Multimodal distributions can be obtained by introducing

discrete latent variables (mixtures of Gaussians)

Introduction of continuous latent variables leads to

models in which the number of free parameters can be

controlled independently of the dimensionality D of the

data space while still allowing the model to capture the

dominant correlations in the data set.

These two approaches can be combined leading to

hierarchical models useful in many applications.

In probabilistic models of images, we often use the

Gaussian version of the Markov random field.

It is a Gaussian distribution over the joint space of pixel

intensities

It is tractable because of the structure imposed for the

spatial organization of the pixels.

Similarly, the linear dynamical system used to model time

series data for tracking, is also a joint Gaussian distribution

over a large number of observed and hidden variables.

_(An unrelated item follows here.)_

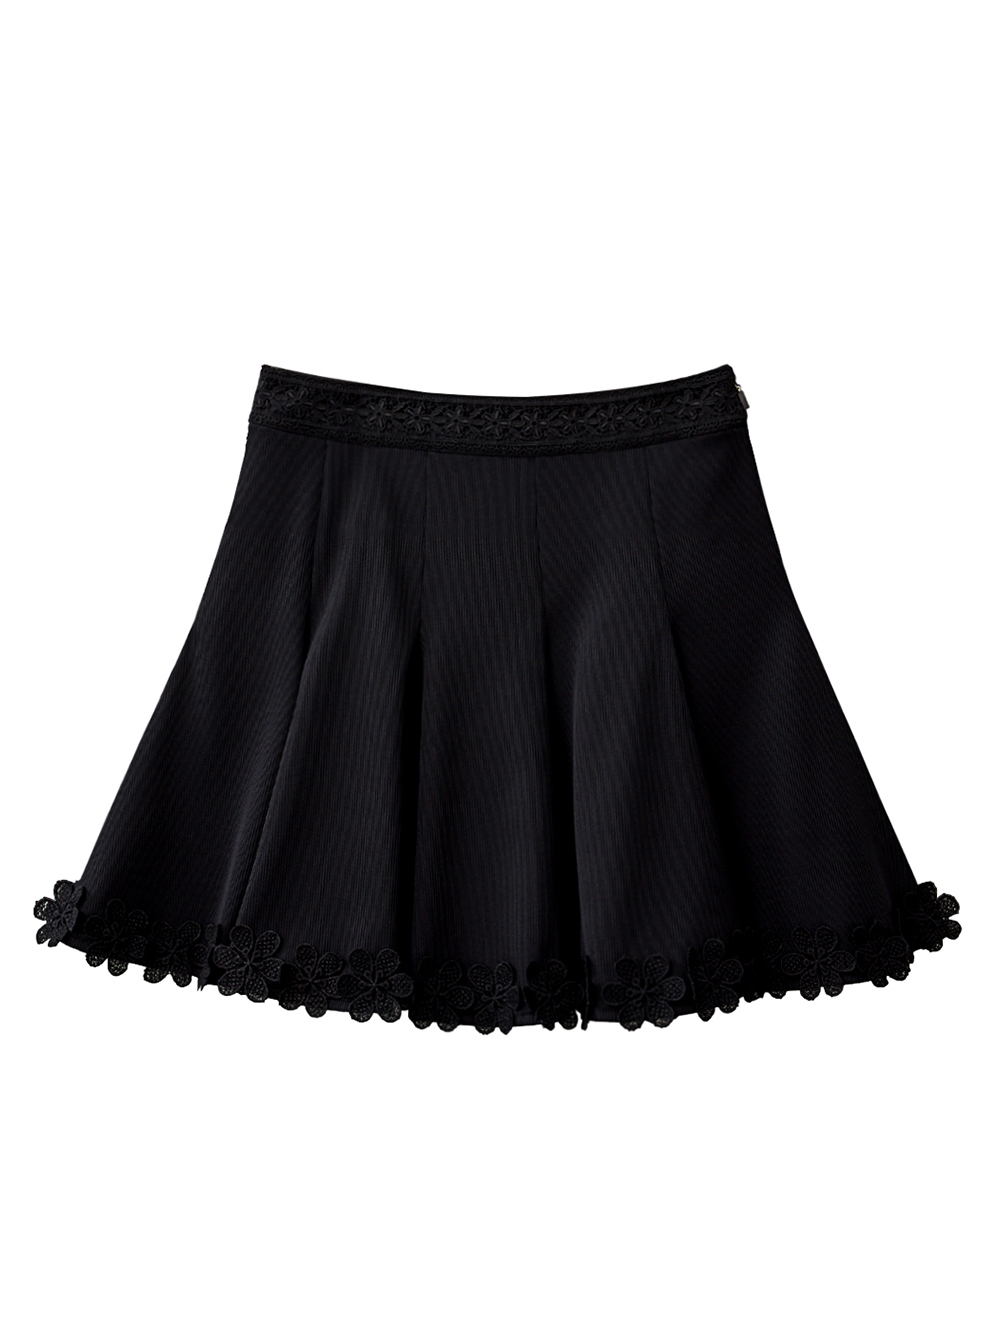 UTAA Blossom Prime Flare Skirt : Black (UD2SKF200BK)
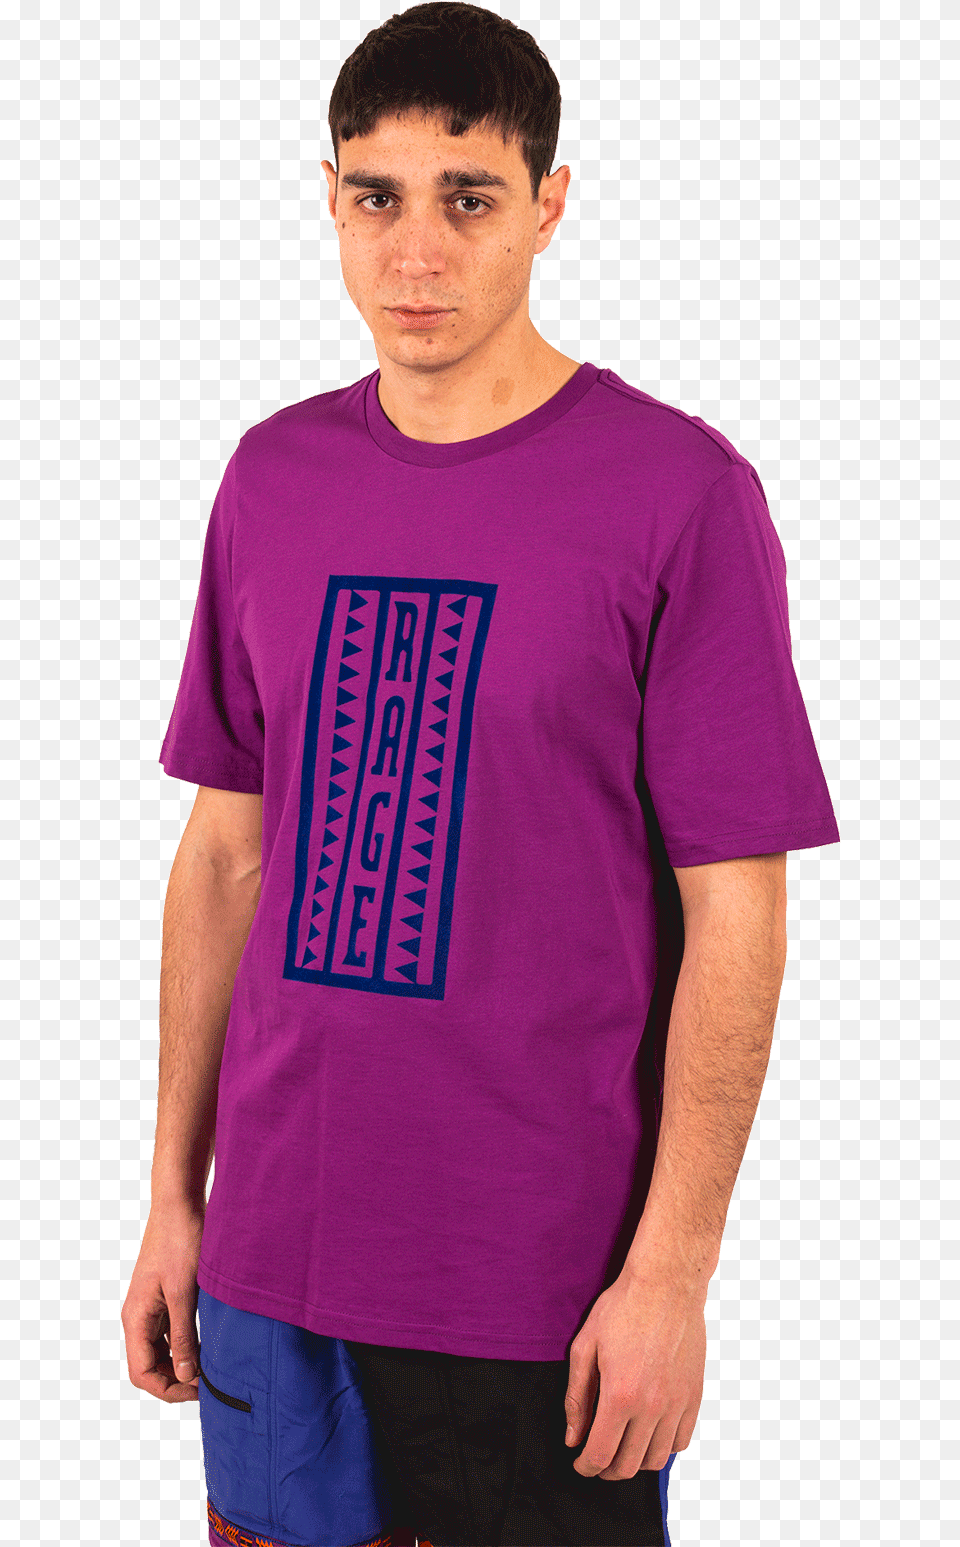 Active Shirt, T-shirt, Clothing, Person, Man Png Image

It is tractable due to the structure imposed on the

distribution.

Graphical models are often used to introduce the

structure for such complex models.

The Multivariate Gaussian

Documents

Transcript of The Multivariate Gaussian

The Multivariate Gaussian Jian Zhao. Outline What is multivariate Gaussian? Parameterizations Mathematical Preparation Joint distributions, Marginalization.

Gaussian Processes for Big Data Problemsmpd37/teaching/tutorials/2015-04-14-mlss.pdf · 4/14/2015 · Gaussian Processes Marc Deisenroth @MLSS, 14 April 2015 9. Sampling from a Multivariate

Gaussian Processes - Imperial College Londondfg/ProbabilisticInference/GaussianProce… · A Gaussian process is a generalization of a multivariate Gaussian distribution to inﬁnitely

Multivariate Gaussian and Student-t process regression for ... · Matrix-variate Gaussian and Student-t distributions have many useful properties, as discussed in the studies [10,

Mapping Multiple Multivariate Gaussian Random …conferenze.dei.polimi.it/FPL2010/presentations/T1_C_3.pdf · Mapping Multiple Multivariate Gaussian Random Number Generators ... •Acceleration

Learning from Data: Gaussian Mixture Models · Gaussian Mixture Models Reminder: Class Conditional Classiﬁcation I Have real valued multivariate data, along with class label for

Multivariate Gaussian Process Regression for Portfolio ...math.iit.edu/~mdixon7/multivariate-gaussian-process_DC.pdf · Multivariate Gaussian Process Regression for Portfolio Risk

Transformation-based Nonparametric Estimation of Multivariate … · 2013. 3. 9. · the Gaussian kernel. For multivariate densities, the product kernel, which is the product of univariate

Gaussian Processes: An Introduction · Gaussian Processes De nition. A Gaussian process fZ tg, (t 2T) is a stochastic process, each subset of fZ tgforming a (multivariate) Gaussian.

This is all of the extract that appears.